The additional task of investigating the incorrectly predicted cases was undertaken in this study, particularly in the four categories shown in Table 3. Two laboratory directors closely examined the original and enhanced ICM and TE images. For clear images, both the original model and the enhanced ICM and TE models correctly predicted the actual outcome. For less-clear images, the segmentation model outperformed the original model. For inherently messy images, both models failed to predict pregnancies. Of the 75 messy images, 25 showed irregular contours of the zona pellucida, embedded sperm in the zona, or cytoplasmic darkness, and the AI may have misinterpreted them as fragmentation. The use of well-focused and clear images ensures a fair performance of the AI model. Furthermore, image reconstruction using ICM and TE segmentation was validated and may be helpful for less-clear images to a certain extent. However, for cases where the original model outperformed the segmentation model, no specific pattern was found in Grad-CAM, and potential explanations include variables such as clinical or genetic information that may help overcome the limitations of morphological assessment.
The Hosmer–Lemeshow test was conducted to assess calibration and provided non-significant results with a p-value < 0.001 and a Brier score of 0.241. To address this issue, we applied isotonic regression and achieved a well-calibrated model with a p-value of 0.265 and a Brier score of 0.178. A calibration plot is shown in Fig. 3. However, even after applying isotonic regression, the true positive rate decreased in the range of high predicted probabilities (0.7–0.9). This has been confirmed to be due to the occurrence of incorrect cases; in these cases, the AI model predicted good-quality embryos after being successfully trained on ICM and TE images, but pregnancy did not occur due to various complex factors. It is important to note that calibration can be more difficult for small sample sizes because there may be insufficient information to accurately estimate the mapping between the predicted scores and probabilities. In such cases, it may be necessary to collect additional data or employ alternative methods to enhance calibration. Therefore, we aim to collect a global dataset that includes both domestic and foreign data and develop a model that is more accurate and robust in future research.

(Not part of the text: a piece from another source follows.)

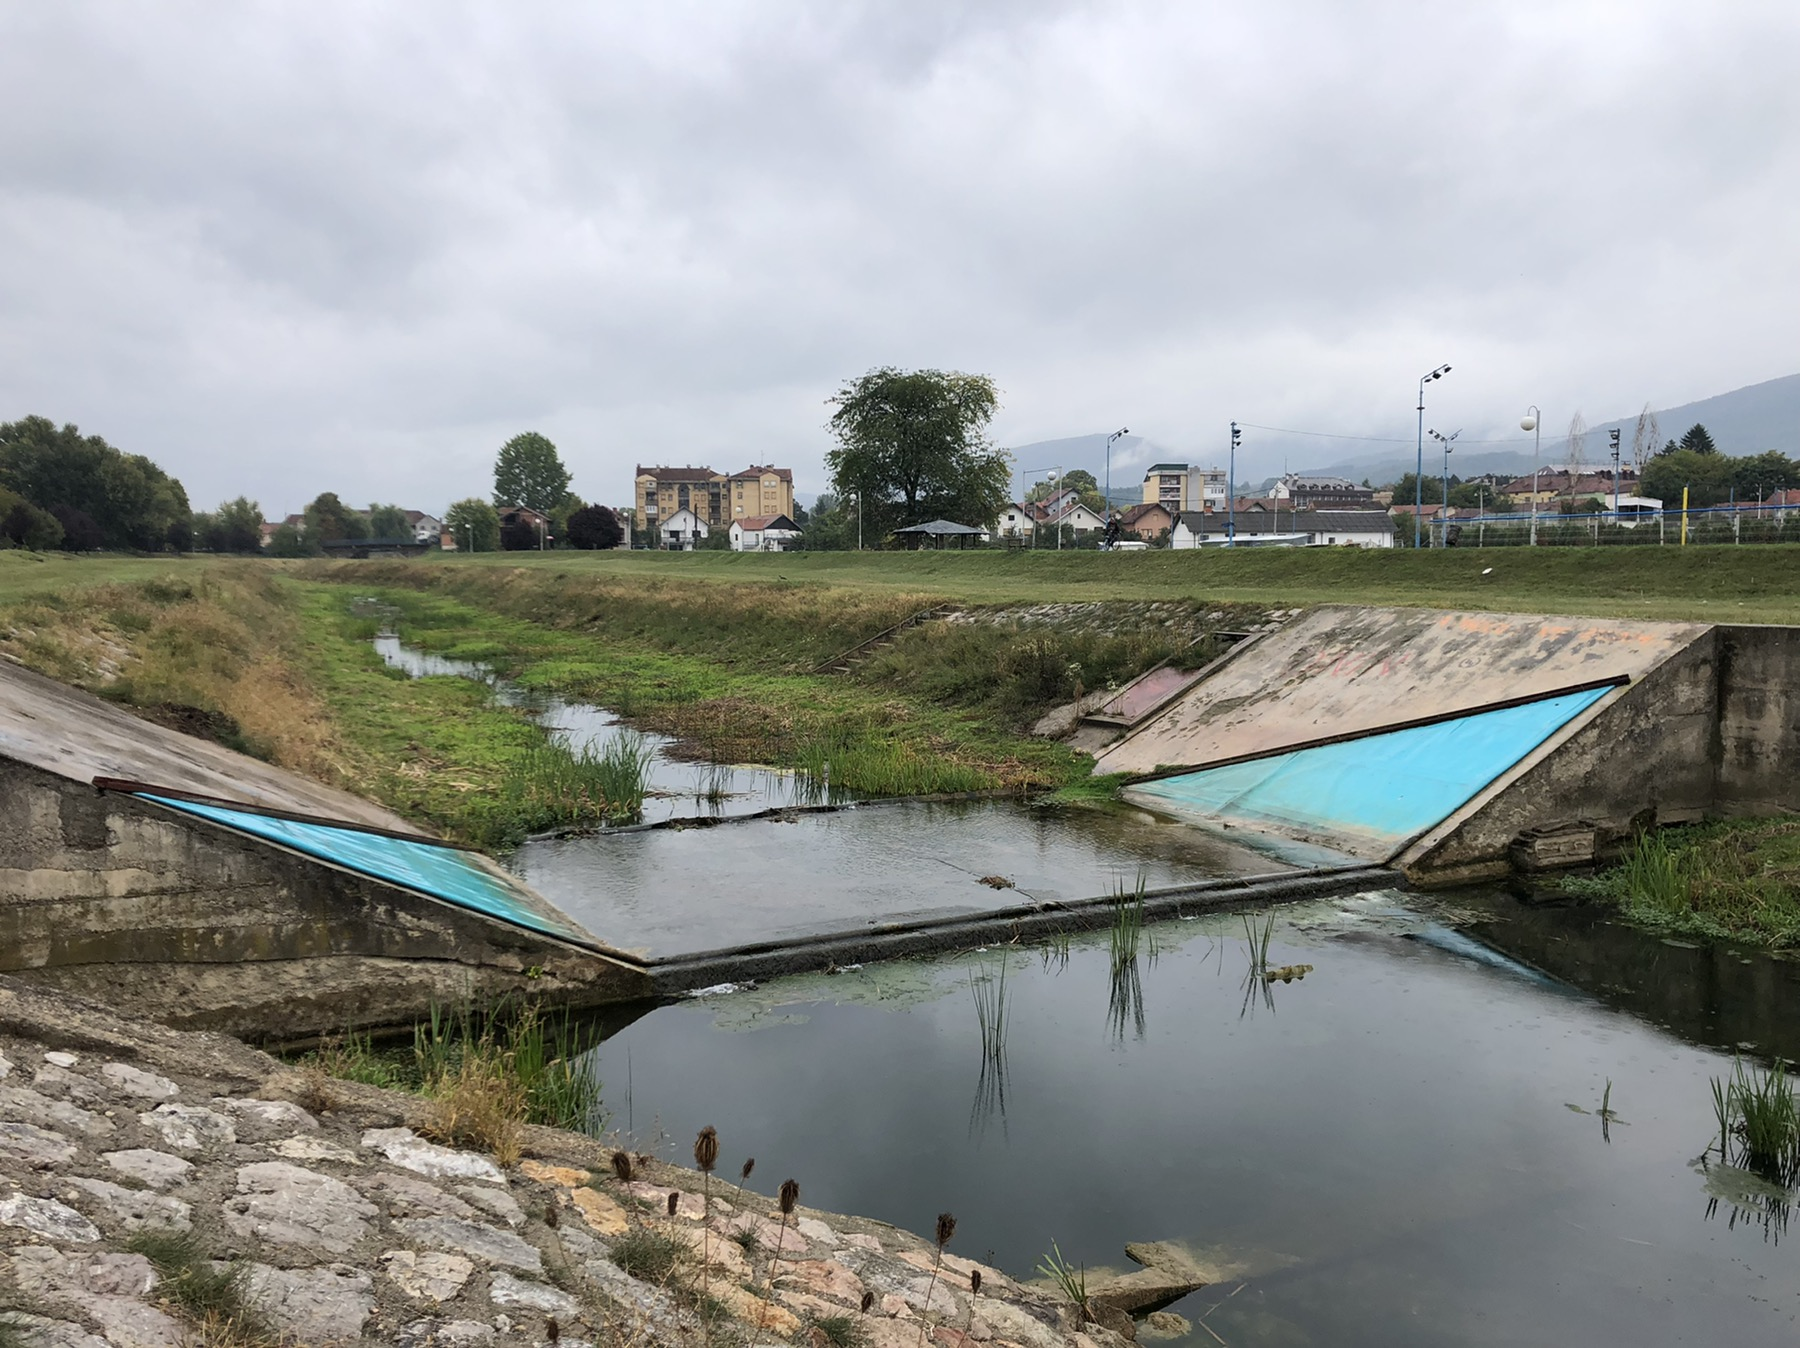 Brana, reka Svrljiški Timok, foto: Svrljiške novine

To generalize our results, an international study is required, as our study was conducted on the same racial background. In addition, because our dataset consisted of images from multiple institutions, the color and sharpness of the images varied slightly. Although this allows for better performance in terms of validation compared to training in a single institution, it is still difficult to guarantee the same performance when unfamiliar, heterogeneous images are processed. In addition, to automate our method, we must develop an algorithm that automatically segments the €CM and TE areas. In future research, we plan to develop an ICM and TE segmentation model that automatically segments these areas from the original embryo image, creates an enhanced ICM and TE image, and feeds it as input to the AI model.
In conclusion, this study demonstrates that the predictive performance of AI improves when using enhanced ICM and TE images. AI can provide objective information to empower the assessment of embryologists; however, it often analyzes irrelevant parts of images, leading to incorrect results, particularly when the image is out of focus. Our research findings may help generalize the AI model for application to embryo images with various focuses. Further research can serve as the first step towards transparent AI models for embryo assessment.